Studio album by Brenda Lee
- Released: October 16, 1967
- Recorded: June 1967
- Genre: Blues; pop;
- Label: Decca
- Producer: Owen Bradley; Charles "Bud" Dant;

Brenda Lee chronology
| Coming on Strong (1966) | Reflections in Blue (1967) | For the First Time (1968) |

= Reflections in Blue (Brenda Lee album) =

Reflections in Blue is a studio album by American singer Brenda Lee. It was released on October 16, 1967, by Decca Records and was her eighteenth studio project. The album was considered a departure from Lee's previous studio projects in its musical style. Many of the tracks incorporated a Blues element and many were covers of previously recorded tracks. The album was met with positive reviews from publications.

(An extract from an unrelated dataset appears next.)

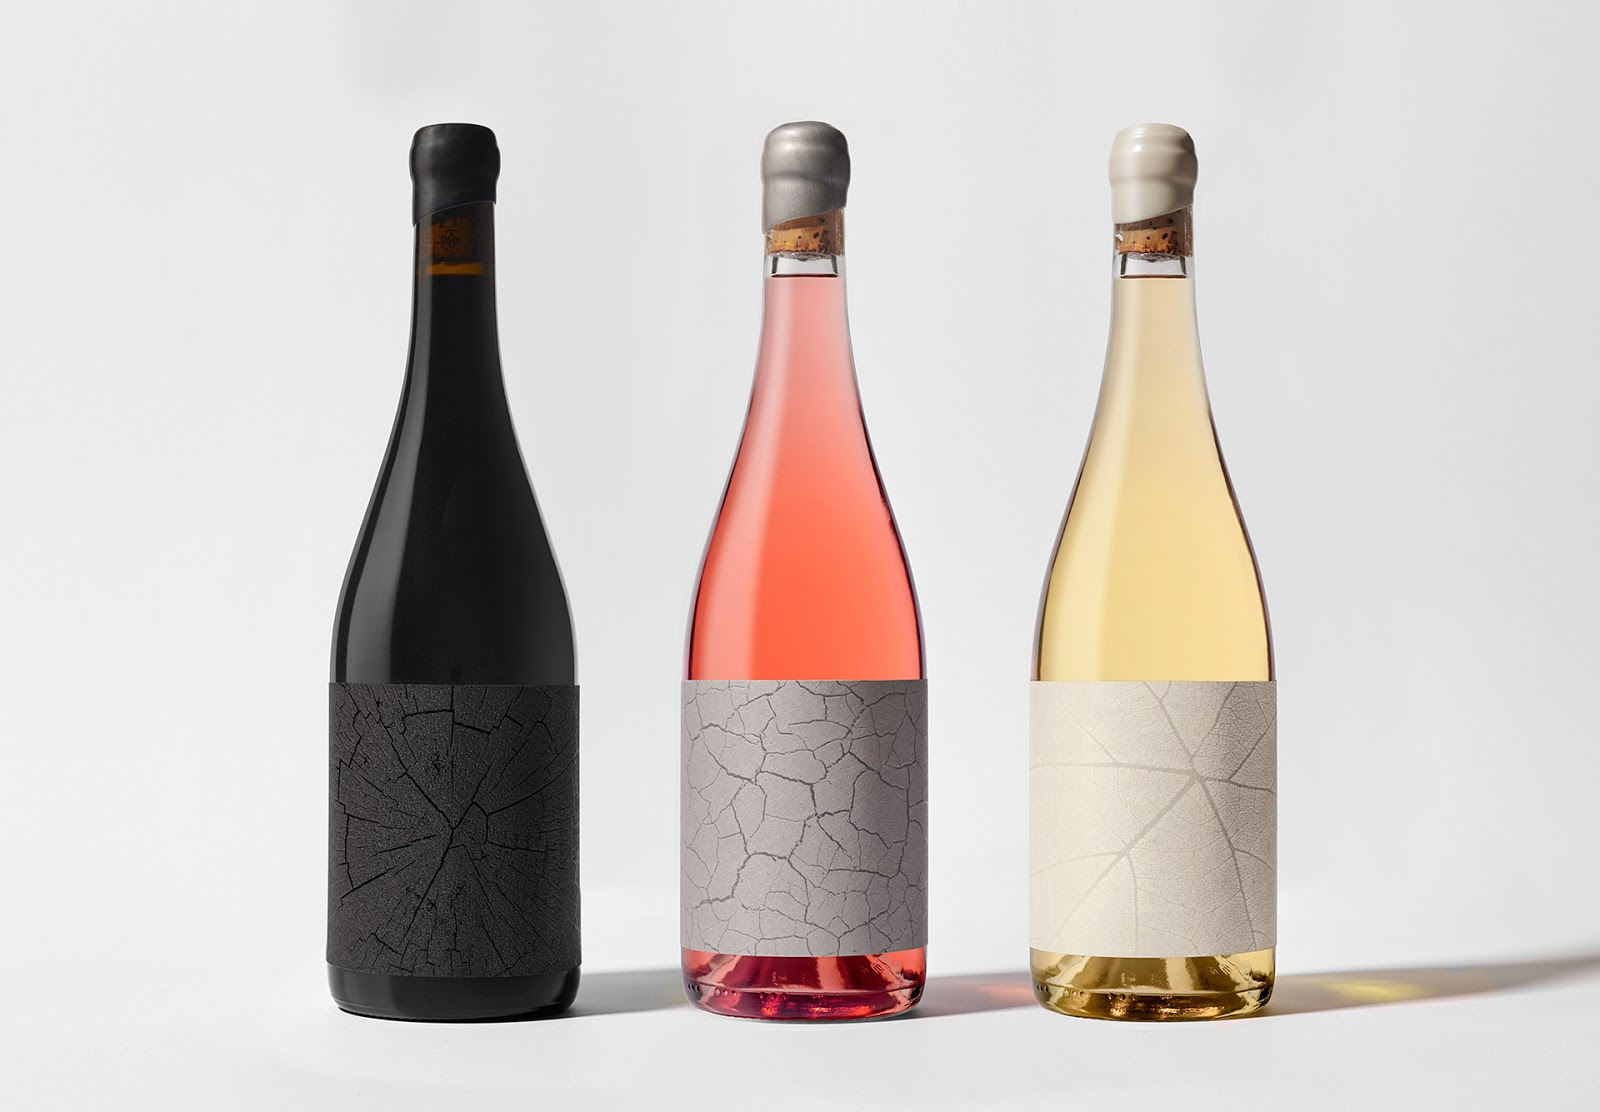 Enebro (vins naturels) I Design : Studio Maba, Espagne (août 2019)

==Background, recording and content==
Brenda Lee began her recording career in 1956 at Decca Records at age 11. Her early material consisted of Rockabilly material, but as she matured, her music transitioned into pop, where Lee would have her greatest commercial success. She had top ten singles with songs like "All Alone Am I", "Dum Dum" and "I'm Sorry". By the mid-1960s, Lee's chart success waned but she continued recording for Decca. One of her later sixties albums was Reflections in Blue. The album was recorded in June 1967 in sessions produced by Owen Bradley and Charles "Bud" Dant. It was Lee's first studio project with Dant serving as a producer.

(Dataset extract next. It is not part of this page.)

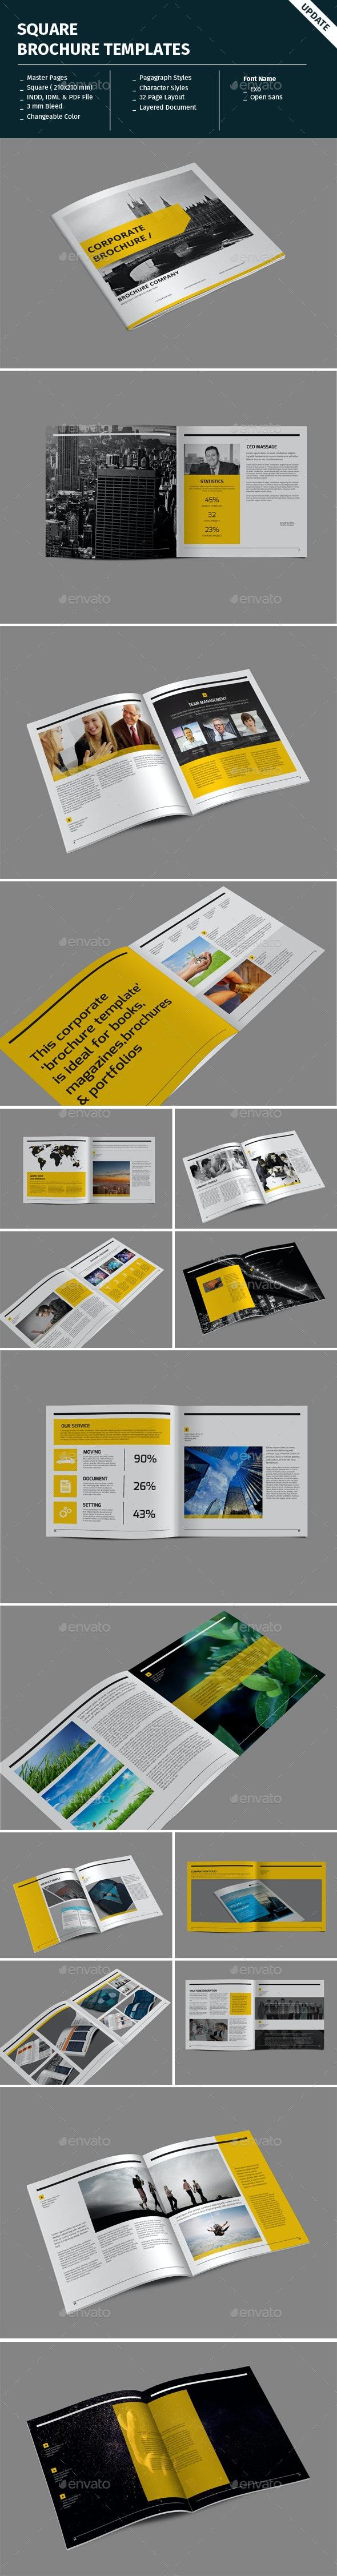 Square Brochure Templates - Corporate Brochures

According to the album's liner notes, the project shows "a side of Brenda that many of her record fans may not be familiar with". The album was meant to showcase the ballad-influenced side of Lee's artistry as a way to show her maturity as an adult. Reflections in Blue consisted of ten tracks. The album was entirely a collection of cover songs. This included tracks like "Am I Blue?", "Can't Help Falling in Love", "Little Girl Blue" and "You'll Never Know".

==Release and critical reception==

Reflections in Blue was released by Decca Records on October 16, 1967. It was originally offered as a vinyl LP, with five selections on either side of the record. It was Lee's eighteenth studio album in her career. Decades later, Reflections in Blue was re-released digitally to retailers such as Apple Music. The original LP was offered in both mono and stereo versions as both options were popular by record buyers at the time.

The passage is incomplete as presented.